# Panasonic connections



## Guest (Apr 22, 2008)

Ok here's a couple of challenging integration questions for the more knowledgable HT guy/gal.

I would like to buy the Panasonic professional 42" plasma TV (TH-42PH10UKA), however it does not come with an integrated tv tuner (it is classified as a 'monitor'). If I buy the Panasonic DVD/digital TV tuner (DMR-EZ28) in lieu of a set-top box (because I don't want cable TV) and the Panasonic home theater system with DVD/receiver (SC-PT660), are all these Panasonic components compatible? Can they be seamlessly integrated via Viera link? Or is there a plug-in board for the TV that I could buy in lieu of the DVD/TV tuner?

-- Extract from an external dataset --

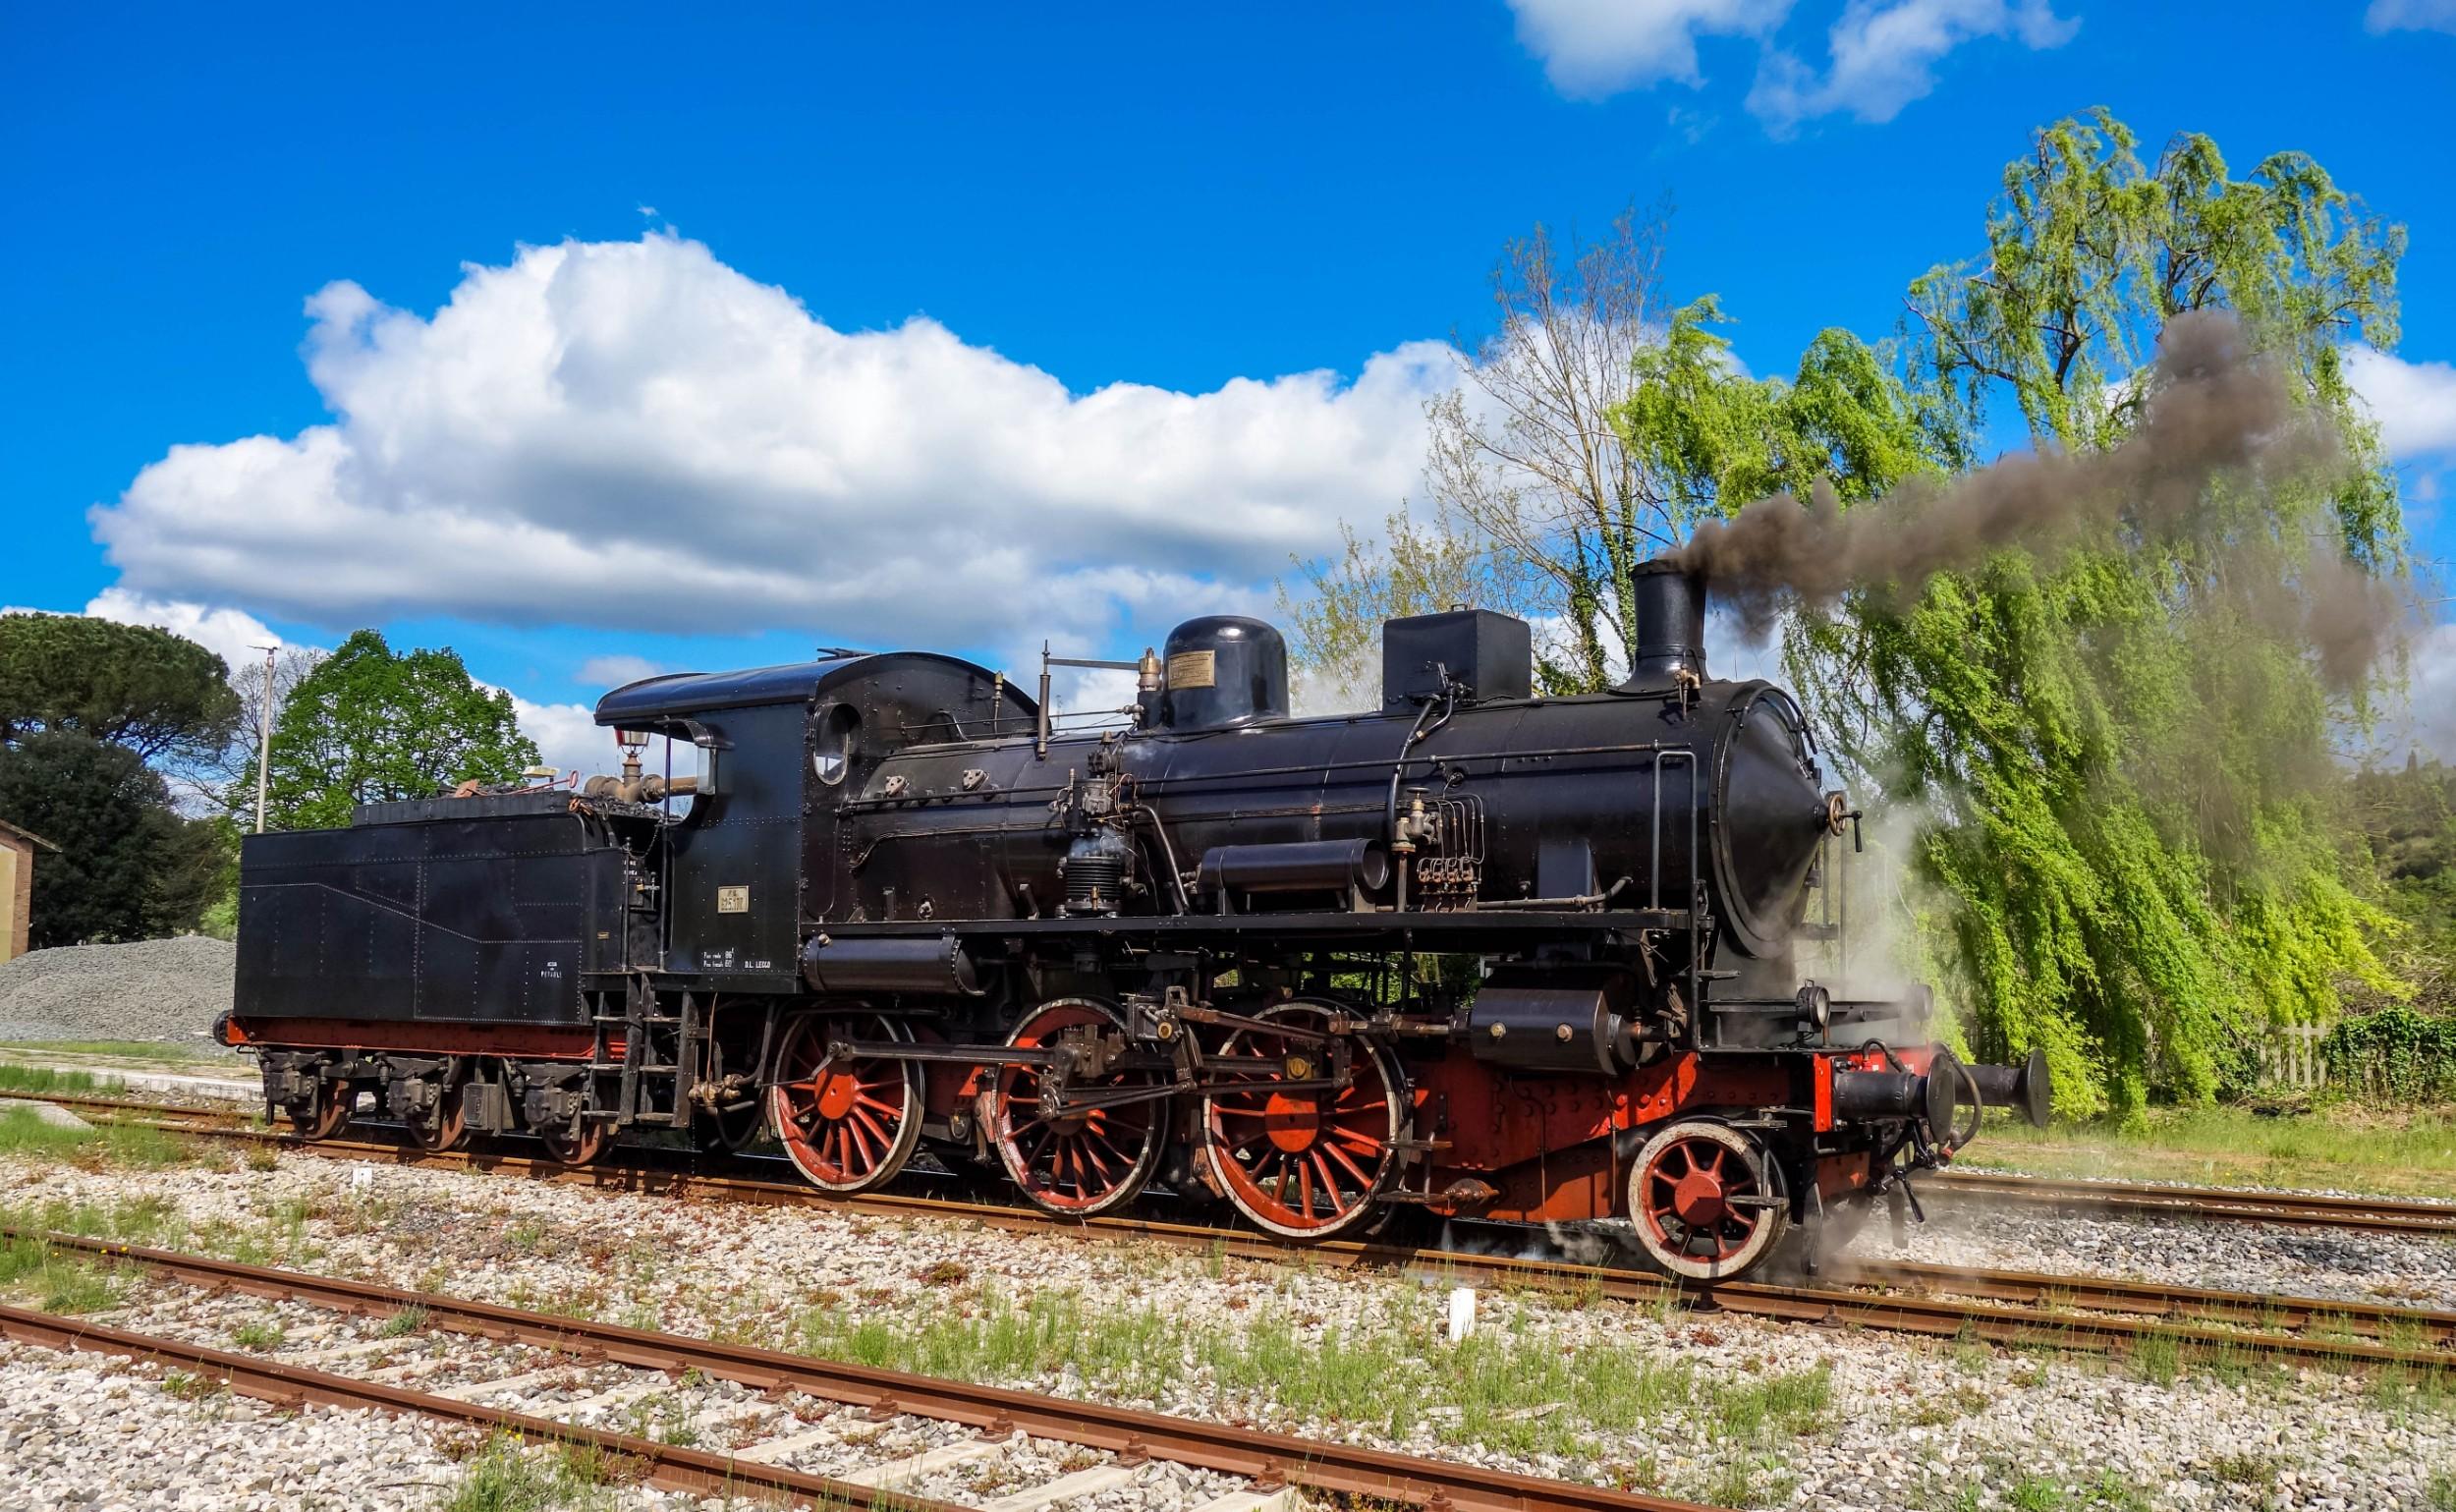 Tuscany Steam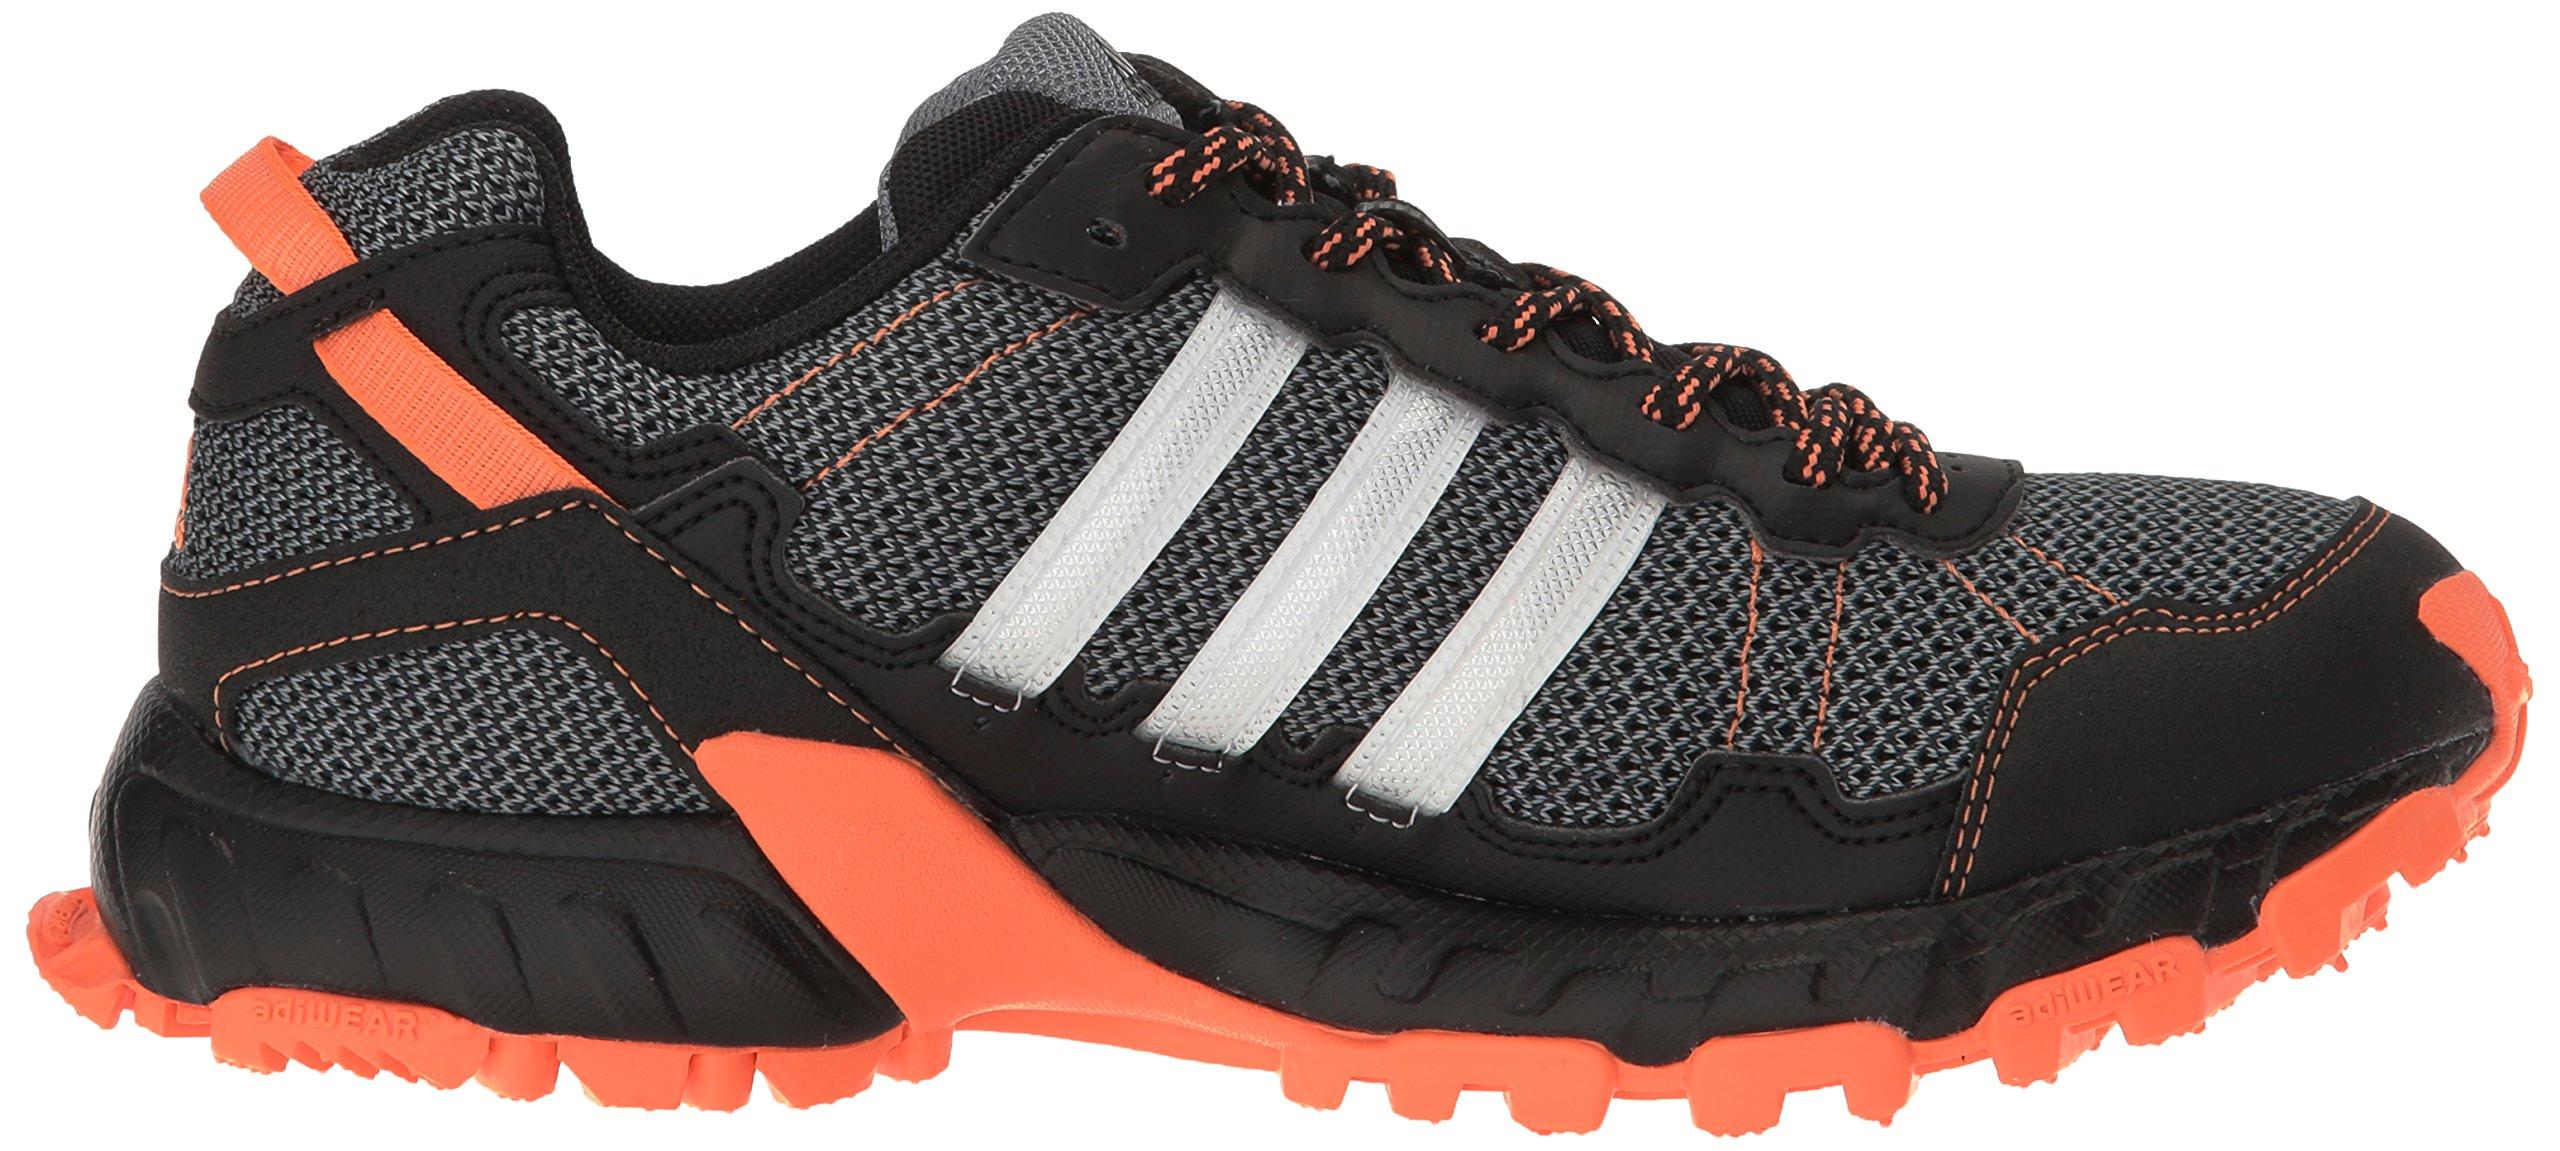 adidas Women's Rockadia Trail W Running Shoe Black/White/Easy Orange 6 M US by adidas (Image #7)

Would you output two HDMI cables from the DVD/receiver and the DVD/TV tuner to the TV, then run a set of audio cables from the DVD/TV tuner to the DVD/receiver, which could then output sound from either source to the speakers?


----------



## Wayne A. Pflughaupt (Apr 13, 2006)

*Re: Panasonic*


You should be fine. You’ll have to connect the DVD player’s video feed directly to the TV though, as the PT660 does not have any video inputs. It will accept an optical audio feed from the DVD Recorder, so you’re good there. 

From what I can tell from the reviews at Amazon, the DMR-EZ28 is not a true HD tuner. 1080P is a reference to the "upconverting" resolution of regular DVD's. 

By the way, the DMR gets mixed reviews at both Amazon and E-opinions.

Regards,
Wayne


----------